Wind and solar reach 10% milestone for global electricity generation share

04 APR 2022
Opinion articles Clean Energy

Wind and solar power accounted for 10 percent of global electricity share last year, a milestone enabled by a 23 percent increase in solar generation and a 14 percent increase in wind, according to a report from climate and energy thinktank Ember.  

“Wind and solar have arrived. The process that will reshape the existing energy system has begun. This decade they need to be deployed at lightning speed to reverse global emissions increases and tackle climate change,” Dave Jones, global lead, Ember, said in the Global Electricity Review 2022 report. Ember’s third annual review, released on March 30, aims to provide the most transparent and up-to-date overview of changes in the global electricity transition in 2021.

The report also noted that clean electricity sources – which alongside solar and wind include nuclear, hydro, and bioenergy – generated 38 percent of the world’s electricity in 2021, more than coal’s 36 percent.

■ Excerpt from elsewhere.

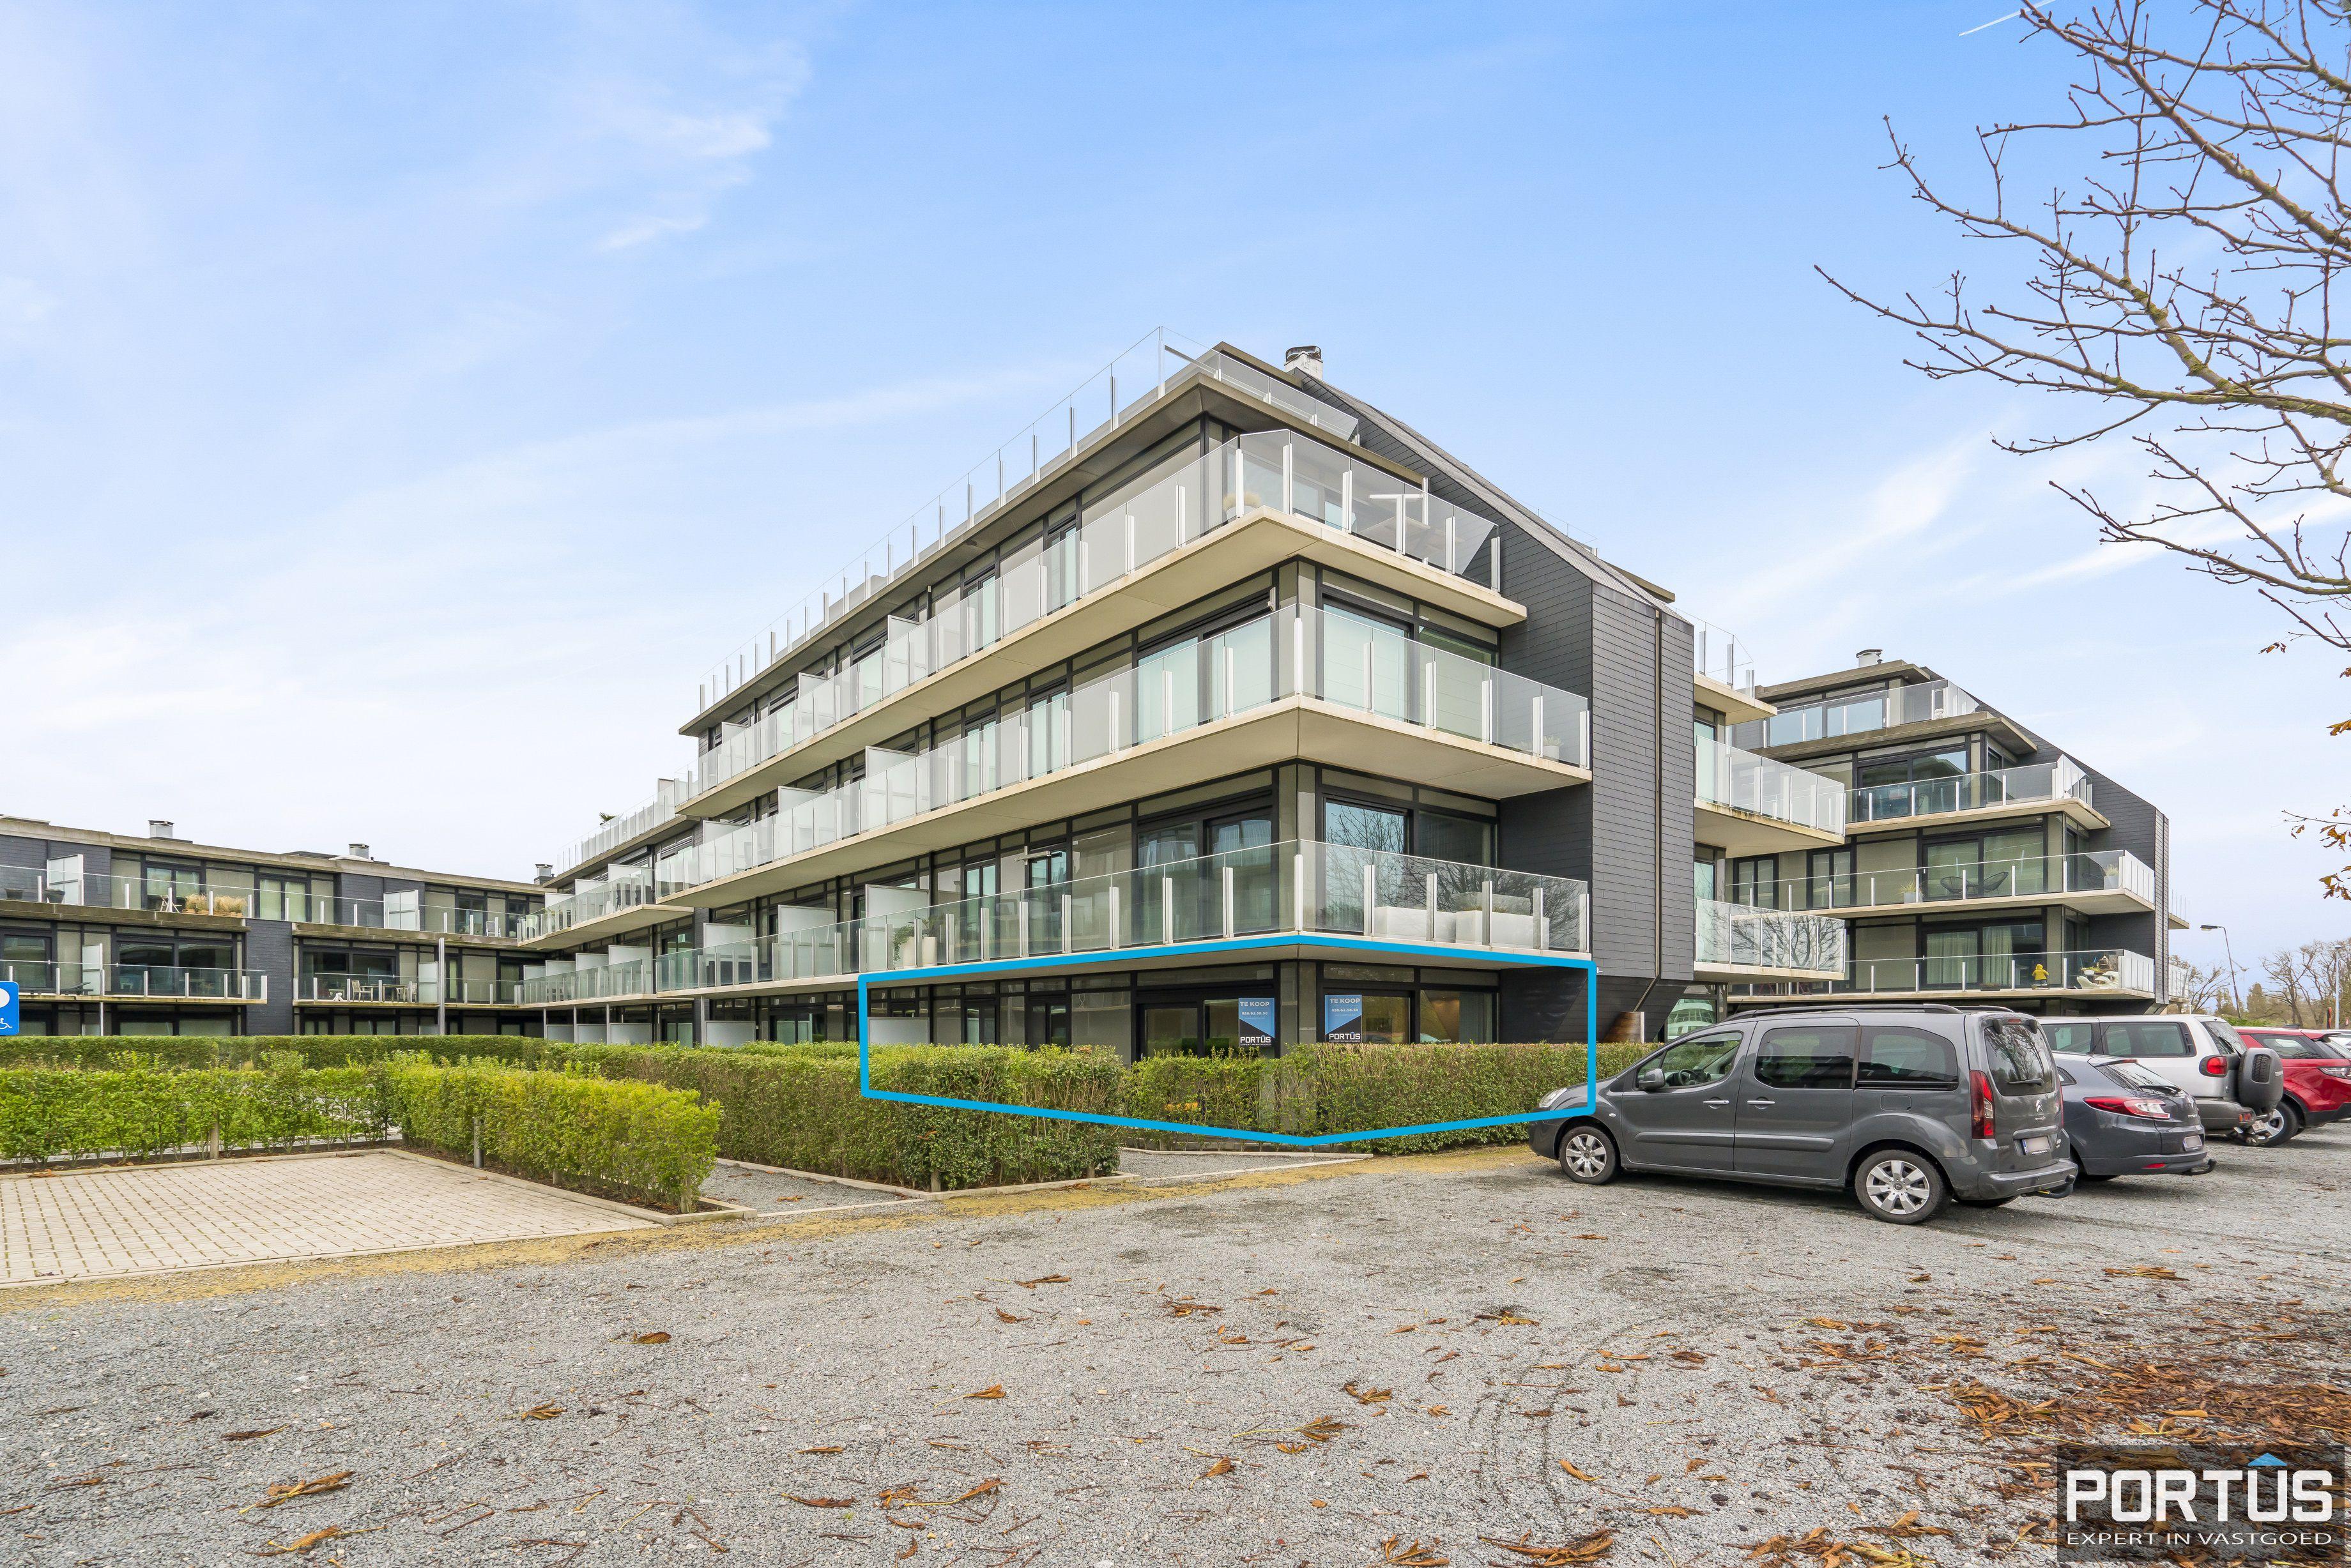 Appartement te koop met 2 slaapkamers in Residentie Waterfront te Nieuwpoort - 11873

However, the report found that coal power also rose by 9 percent in 2021 to 10,042 TWh, reaching a new all-time high. Although global electricity demand intensified, with a 1,414 TWh increase from 2020 to 2021, only 29 percent of that increase was met with wind and solar. The remaining demand was met by fossil fuels, with 59 percent met by coal generation alone. This contributed to a new record in CO2 emissions from the power sector, increasing 7 percent in 2021 (778 million tons), the biggest absolute rise ever.

“With sustained high gas prices amid Russia’s war with Ukraine, there is a real risk of relapse into coal, threatening the global 1.5 degrees climate goal. Clean electricity now needs to be built on a heroic scale. Leaders are only just waking up to the challenge of how quickly they need to move to 100 percent clean electricity,” Jones affirmed.

The Ember report stated that in order to keep global climate heating to 1.5 degrees Celsius since pre-industrial times, as targeted by the International Energy Agency (IEA), wind and solar energies must sustain high compound growth rates of 20 percent every year to 2030.